Tuesday, March 07, 2006

Lab results

Here it is a month gone already and I haven't posted anything. I was never much of one for journals.

I got the results of the lab work from my last checkup two weeks ago:

Blood Sugar:
Fasting - 130
A1C - 6.4

Cholesterol:
Total - 159
HDL - 43
LDL - 90
Trigl - 130

Blood Pressure:
129/80

I am very pleased with the results. In addition, I feel at least ten years younger (which is to say I probably feel like my actual 43, and not like an old geezer).

My weight is down to 264. That's a forty pound loss since August of 2005. I'm beginning to see my next goal of 250 on the horizon. If everything goes like it's been going, I should get there by mid to late summer.

Exercise is probably the single most important factor to which I can attribute this improvement. I now get a forty-minute workout on the treadmill on a regular basis. A few of those minutes are spent actually jogging these days. After I work on the treadmill I do some pushups. I can only do about ten at a time. I do three sets of ten with about a minute rest in between.

BG readings at night are quite good. Last night it was 112. Of course, this morning it was 121.

I remain...

Mr. Dawn Phenomenon.

Tuesday, February 07, 2006

Exercise

The one thing which has had the greatest benefit to me on the diabetes battlefront is exercise. I am amazed and impressed with the results of adding exercise to my lifestyle. Here are some important things I am learning about exercise:

1. The results are immediate. I can drop my blood glucose as much as 60 points after a thirty minute workout. I have measured before and after results on several occasions and post-exercise BG levels are always significantly lower.

2. The results are long lasing. BG levels stay reasonable even two or three days after a workout, provided I don't stray too much in my food choices.

3. It improves many other aspects of my life. I sleep better. I am more alert during the day. I feel more motivated to work.
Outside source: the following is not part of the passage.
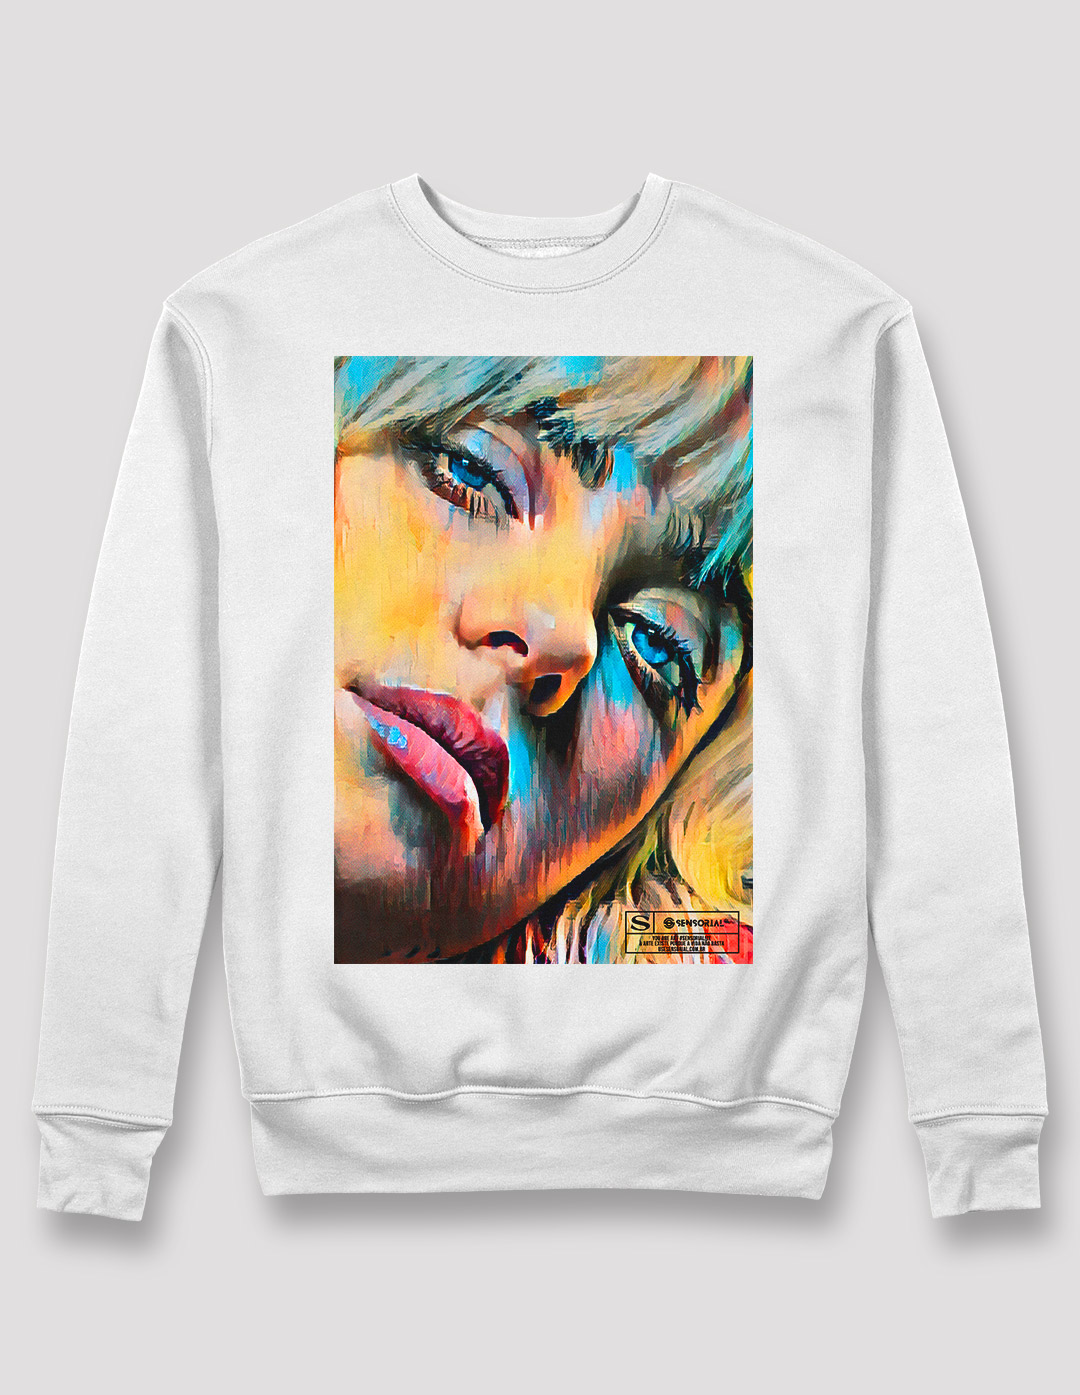 Moletom Billie Eilish - Sensorial, camisetas exclusivas, compre online

I'm just in a better mood overall.

Of course we've all had it drummed into us how beneficial exercise is for years. The problem is getting started. For someone like me who hates to exercise it is difficult work. I think I've discovered the reason why so many people like me have trouble getting started on an exercise program. We're told by health and fitness professionals that we have to get so many minutes of exercise per day. The numbers seem to vary from expert to expert (30 minutes per day; 150 minutes per week; etc.), but whatever number they give out, they fail to explain that this is an ideal number.

You see, if you tell a person like me that I need to get 30 minutes per day of exercise, then I immediately picture this stopwatch in my head, and begin dreading the drudgery of trying to fill the next 30 minutes with some sort of exercise. This is no way to start an exercise program.

I've tried starting exercise programs like this in the past and they've all failed. Even now, despite seeing the benefits of exercise; despite the feeling it gives me afterwards; I am still reluctant to get started. So, what I do is this: I tell myself that I'm just going to exercise for ten minutes. Generally, after ten minutes, I realize that I'm enjoying myself more, and so I try to go another five minutes. This process continues every few minutes until I finally reach 30 minutes. These days I'm inclined to continue up to forty minutes or more.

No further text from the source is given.